A spring of negligible mass stretches 2.20 cm from its relaxed length when a force of 10.50 N is applied. A 1.100 kg particle rests on a frictionless horizontal surface and is attached to the free end of the spring. The particle is displaced from the origin to x=5.0 cm and released from rest at t=0.
(c) What is the total energy of the system?
To find the total energy of the system, we need to consider both the potential energy and the kinetic energy.
1. Potential Energy:
The potential energy of the spring is given by the equation:
PE_spring = (1/2)kx^2
Where k is the spring constant and x is the displacement from the relaxed length.
Given that the spring stretches 2.20 cm and the force applied is 10.50 N, we can find the spring constant:
F = kx
10.50 N = k * 0.022 m
k = 10.50 N / 0.022 m
k ≈ 477.27 N/m
Now we can calculate the potential energy of the spring when the particle is at x=5.0 cm:
PE_spring = (1/2) * 477.27 N/m * (0.05 m)^2
PE_spring ≈ 0.5965 J
2. Kinetic Energy:
The kinetic energy of the particle is given by the equation:
KE_particle = (1/2)mv^2
Where m is the mass of the particle and v is its velocity.
At the maximum displacement, the particle is momentarily at rest (v=0), so the initial kinetic energy is zero.
3. Total Energy:
The total energy of the system is the sum of the potential energy and the kinetic energy:
Total energy = PE_spring + KE_particle
Total energy = 0.5965 J + 0 J
Total energy ≈ 0.5965 J
Therefore, the total energy of the system is approximately 0.5965 Joules.
To find the total energy of the system, we need to consider both the potential energy and the kinetic energy.
1. Potential Energy:
The potential energy of the spring can be calculated using Hooke's Law, which states that the potential energy stored in a spring is proportional to the displacement from its equilibrium position.
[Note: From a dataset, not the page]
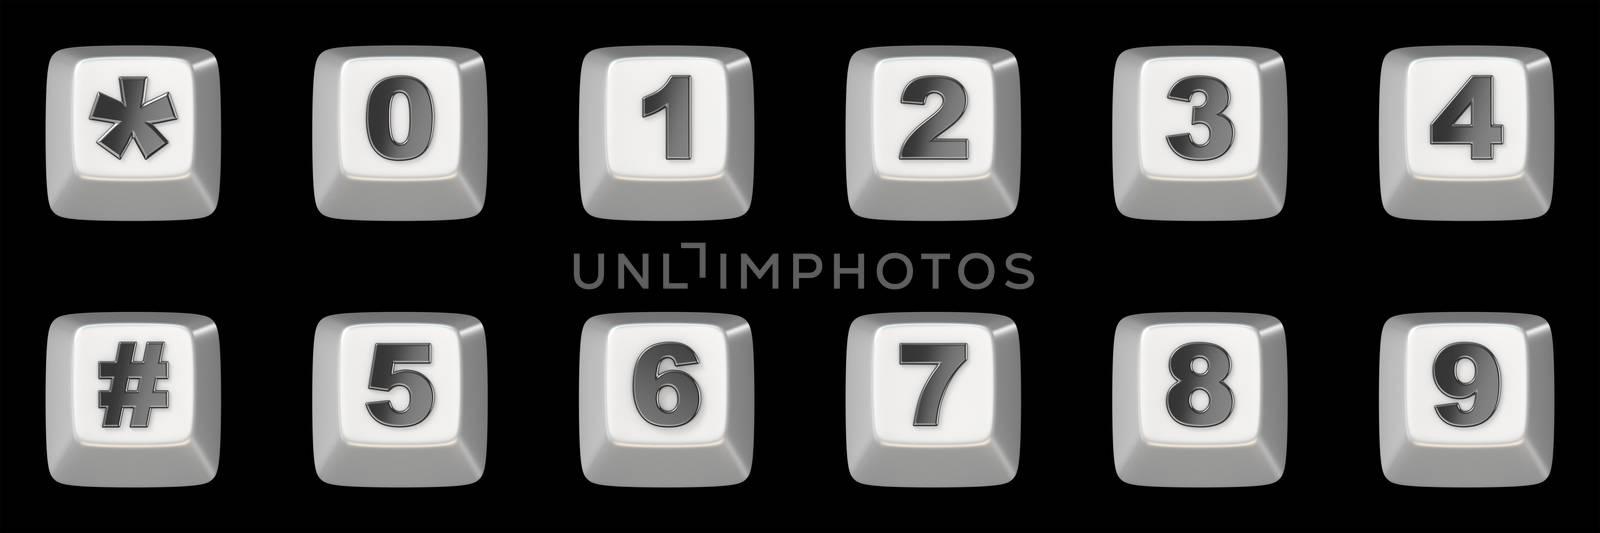 Computer keyboard key NUMBERS 3D render illustration isolated on black background
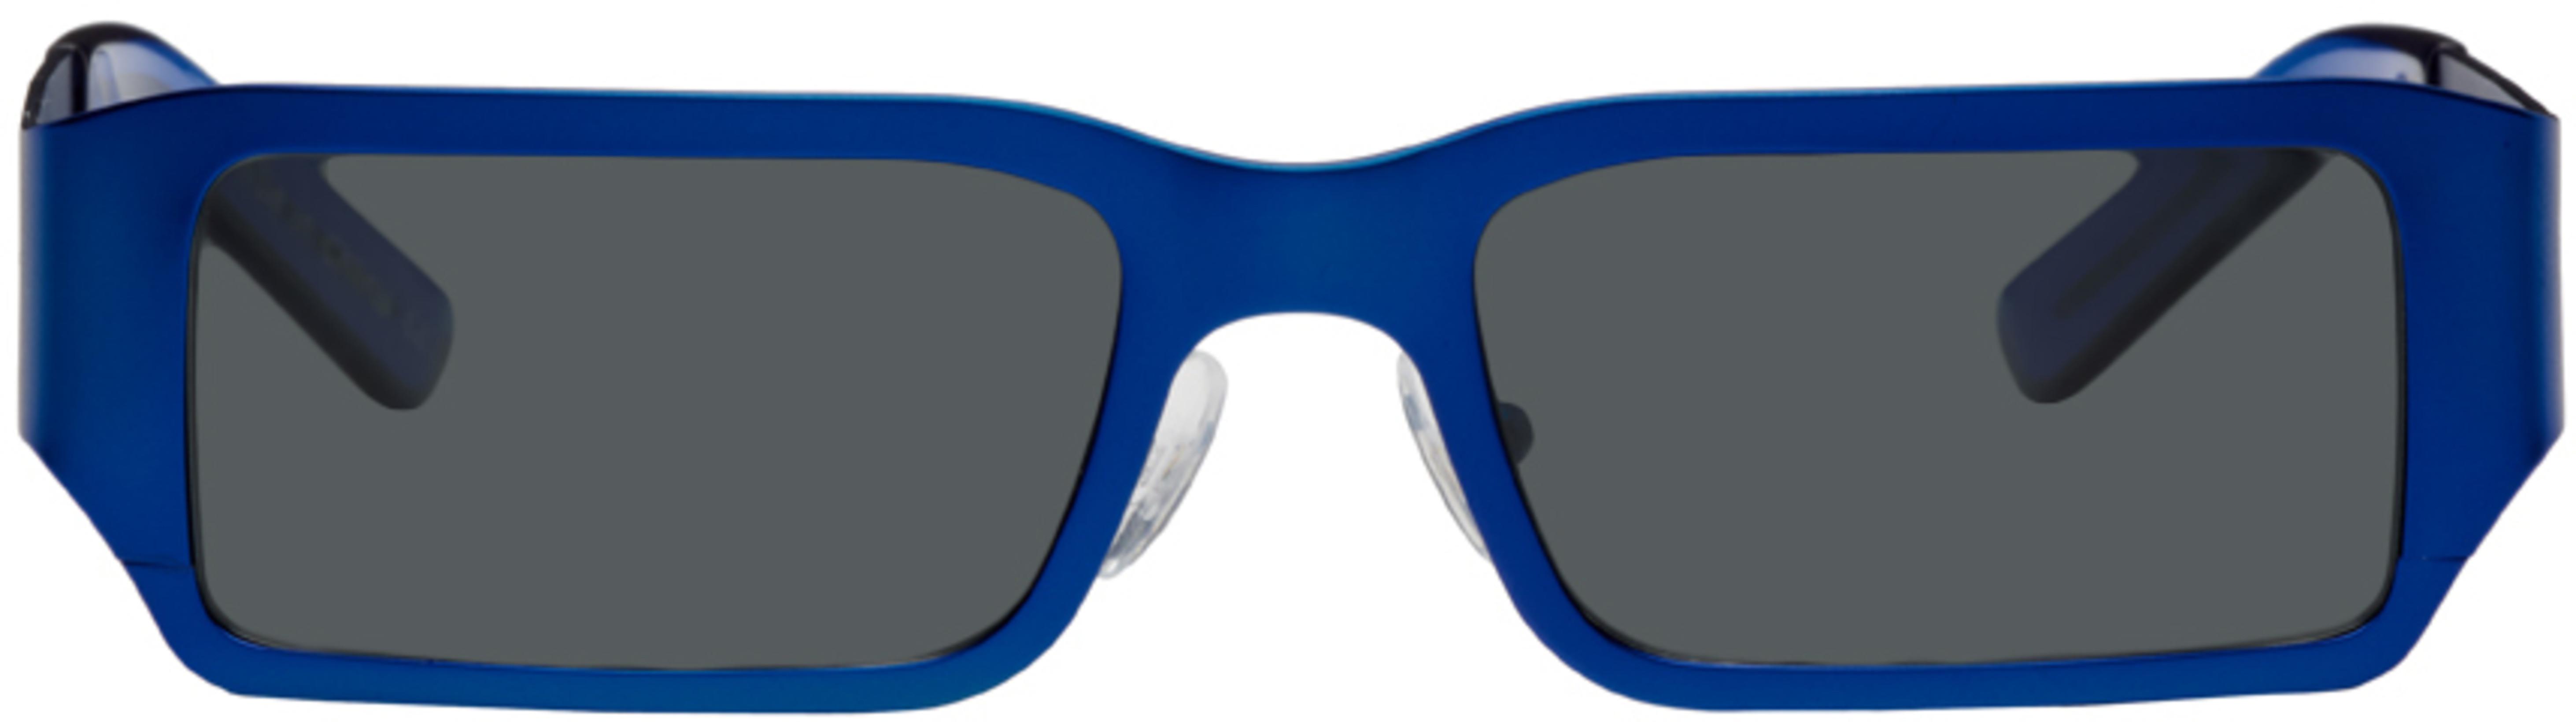 Blue Pollux Sunglasses by A BETTER FEELING

The potential energy stored in the spring (Us) is given by the formula:
Us = (1/2) * k * x^2
Where:
- Us is the potential energy stored in the spring
- k is the spring constant
- x is the displacement from the equilibrium position
In this case, the spring constant (k) can be determined using the force applied and the displacement from the relaxed length:
k = F / x
Substituting the given values:
k = 10.50 N / (2.20 cm) = 4.77 N/cm
Now, we can calculate the potential energy stored in the spring when the particle is displaced at x = 5.0 cm:
Us = (1/2) * (4.77 N/cm) * (5.0 cm)^2 = 59.63 N·cm = 0.5963 J
2. Kinetic Energy:
The kinetic energy (KE) of the particle can be calculated using the formula:
KE = (1/2) * m * v^2
Where:
- KE is the kinetic energy of the particle
- m is the mass of the particle
- v is the velocity of the particle
Since the particle is released from rest, its initial velocity (v) is zero. At any given time, the velocity of the particle can be calculated using the equation of motion: v = ω * A * sin(ωt + φ)
Where:
- ω is the angular frequency of the oscillation
- A is the amplitude of the oscillation
- t is the time
- φ is the phase constant (assumed to be zero here)
Since the particle is released from rest, the angular frequency (ω) can be determined using the spring constant and the mass of the particle:
ω = √(k / m)
Substituting the given values:
ω = √(4.77 N/cm / 1.100 kg) = 2.016 rad/s
Now, we can find the velocity of the particle when it is at x = 5.0 cm:
v = ω * A * sin(ωt + φ) = 2.016 rad/s * 0.05 m * sin(0 rad) = 0 m/s
Since the particle has zero velocity at x = 5.0 cm, its kinetic energy is also zero:
KE = (1/2) * (1.100 kg) * (0 m/s)^2 = 0 J
3. Total Energy:
The total energy (E) of the system is the sum of the potential energy (Us) and the kinetic energy (KE):
E = Us + KE = 0.5963 J + 0 J = 0.5963 J
Therefore, the total energy of the system is 0.5963 Joules.